Den of Geek's Kayti Burt thinks Cloak and Dagger might be one of the year's best shows, saying:

In a a sea of superhero stories that prioritize the individual, we need more stories like Cloak and Dagger, which refuses to put its characters in a vacuum when it comes to either their privileges and powers or their oppressions and struggles. As this year's other great superhero TV debut, Black Lightning, also cleverly reflects: just because you have superpowers doesn't mean you can opt out of systemic oppression. The only "superpower" that can get someone out of that is the genetic and social lottery that grants rich, white, cishet male identity.

IGN's Joi Childs' says "Cloak & Dagger works because it embraces the constant turmoil of growing up", adding:

Tackling a variety of relatable subjects while embracing the thrill of discovering new powers, Cloak & Dagger delivers an emotionally honest and surprisingly resonant premiere.

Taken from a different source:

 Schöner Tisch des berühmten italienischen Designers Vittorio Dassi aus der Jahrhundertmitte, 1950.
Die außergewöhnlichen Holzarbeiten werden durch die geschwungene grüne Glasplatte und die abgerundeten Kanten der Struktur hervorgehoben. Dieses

The pacing can feel a bit slower than one might expect or want from a superhero TV show, but thanks to the the drama, effects, mystery and chemistry between the main protagonists, the premiere builds a solid foundation for Marvel's newest series.

LA Times critic Lorraine Ali calls the series "refreshingly unpredictable and smart take on the usual caped-crusader fare", and in her review writes:

This beautifully shot and executed series is more artful and sophisticated than its genre of origin suggests. You will not find the silly dinosaur sidekicks of "Marvel's Runaways," or the action-over-story approach of other caped-crusader series such as "The Arrow."

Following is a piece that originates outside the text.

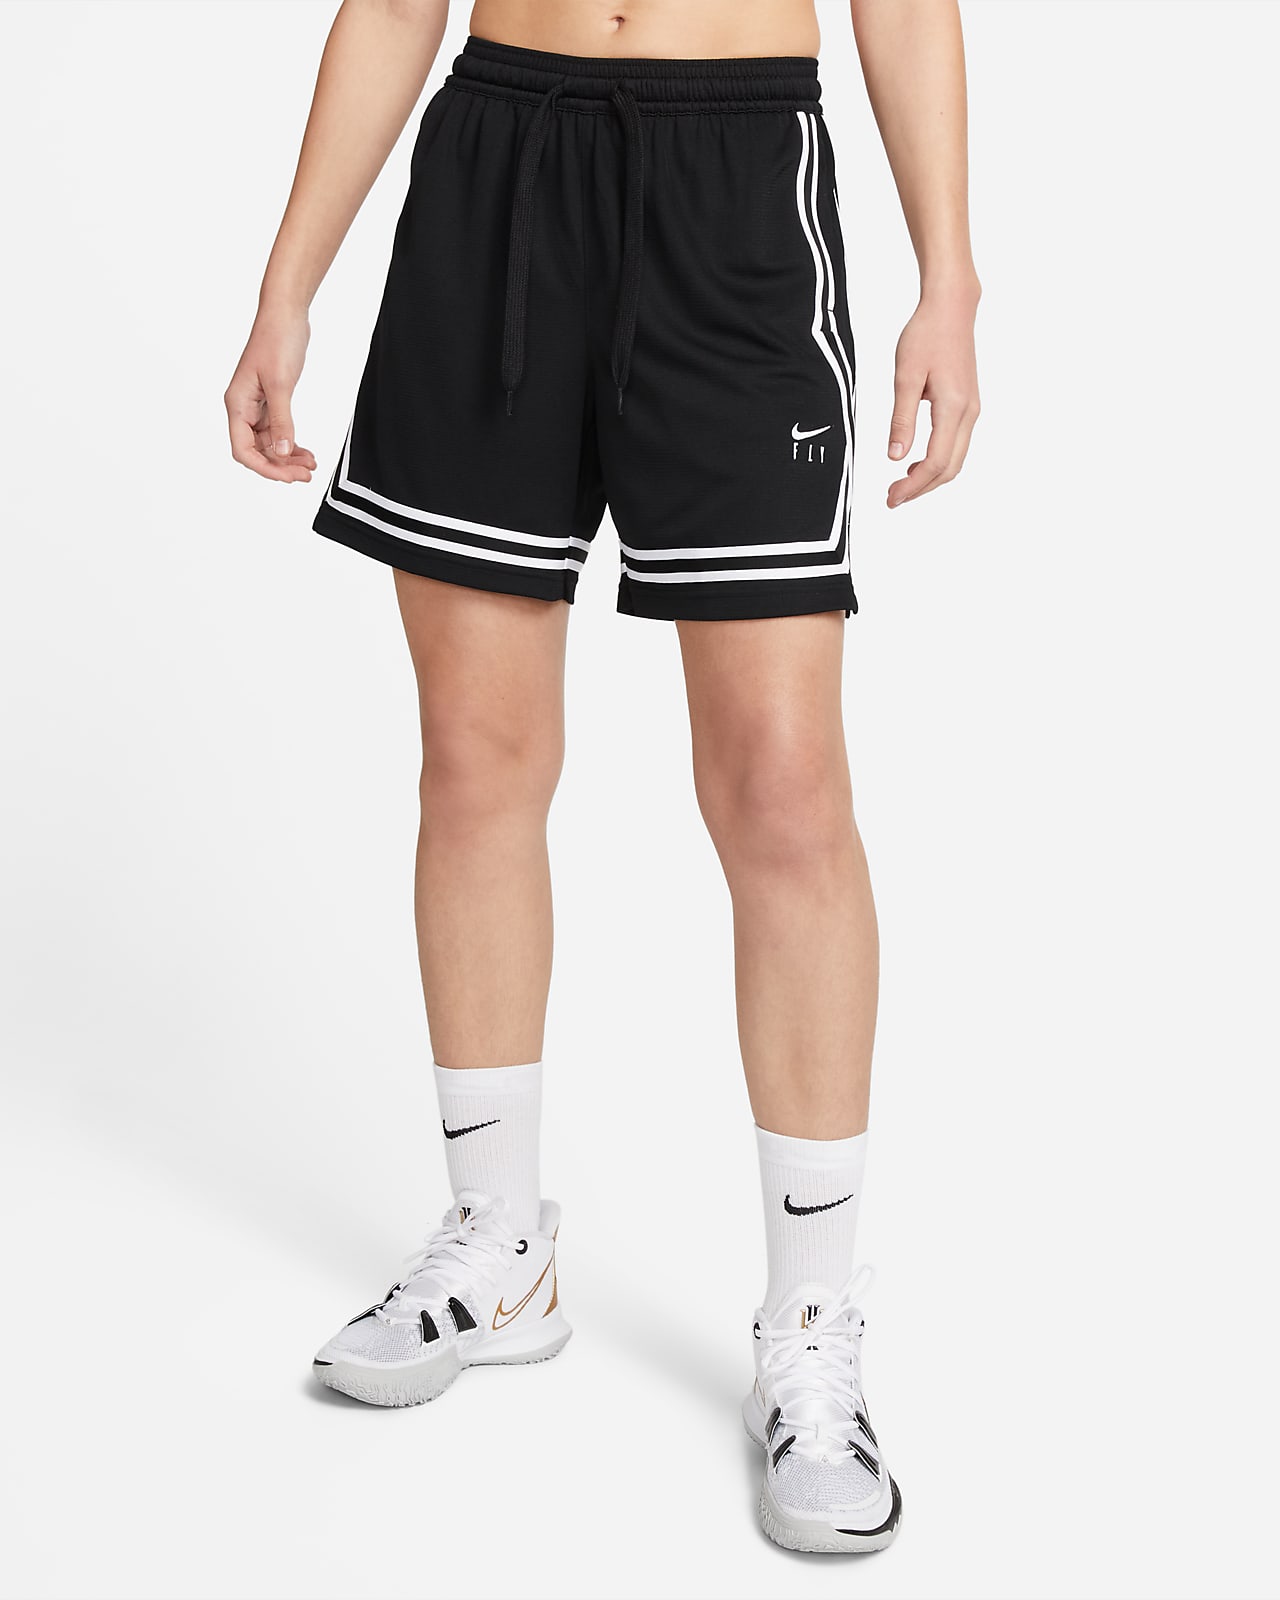 Nike Fly Crossover női kosárlabdás rövidnadrág

Boston Herald's Mark Perigard isn't as impressed with the show, calling the show a "chore", and adds:

In its opening credits, "Marvel's Cloak & Dagger" acknowledges the characters' talented creators, writer Bill Mantlo and artist Ed Hannigan. That means Mantlo, who has been disabled for decades after being hit by a car, will get paid.

Some light will come out of the darkness. That's one thing this show gets right.

In the New York Times, Mike Hale writes that the show takes a little too long to get going, saying:

The four (of 10) episodes provided in advance are almost entirely devoted to working through the duo's origin story. Apparently viewers will have to wait until halfway through the season, at least, to see what Cloak and Dagger look like in action.

Variety's Caroline Framke says "Cloak & Dagger takes its stories and itself seriously, and is hoping you do the same," and adds:

"Cloak & Dagger" can be as blunt as a punch to the face when it hammers home the differences between Tandy and Tyrone's lives. A few scenes — especially in the pilot — are so paint-by-numbers that you can see where they're going the second they start. Still, "blunt" is exactly in line with what superhero origin stories tend to be, and "Cloak & Dagger" nonetheless does a few things to set itself apart from the dozens we've seen before.

Collider's Allison Keene wasn't overly impressed with the series, writing:

The series also struggles with how it wants to split its time between the co-leads, especially since they spend so little time together in these early episodes. For the most part it leads to jarring edits, half-baked plots, and quickly-forgotten side characters. The series could also do a lot more with its New Orleans setting, which is a refreshing change from Marvel's Netflix series which all take place in New York. And though there are some shoe-horned scenes about voodoo and Mardi Gras Indian culture (with Big Chiefs and Spy Boys, etc), it feels more contractually obligated than a natural part of the story.

At CNN, Brian Lowry doesn't think the series is "sharp enough to draw blood", writing:

As is, though, "Cloak & Dagger" merely demonstrates again that when it comes to churning out mediocre programs, even the Marvel name doesn't provide a cloak of invincibility.

Newsweek's Autumn Noel Kelly thinks the series is "well crafted", going on to say:

How exactly Tandy and Tyrone's powers manifest and interact is after the premiere, largely unclear. It's a blessing or a curse, depending on why you're watching. Though, the jarring imagery of light and dark above and below surface level should be enough to float most through the midpoint at ease. Whether you're a Marvel fan or not, it's undeniably a must-watch if you want something different.

Cloak and Dagger premieres on Freeform on June 7, 2018.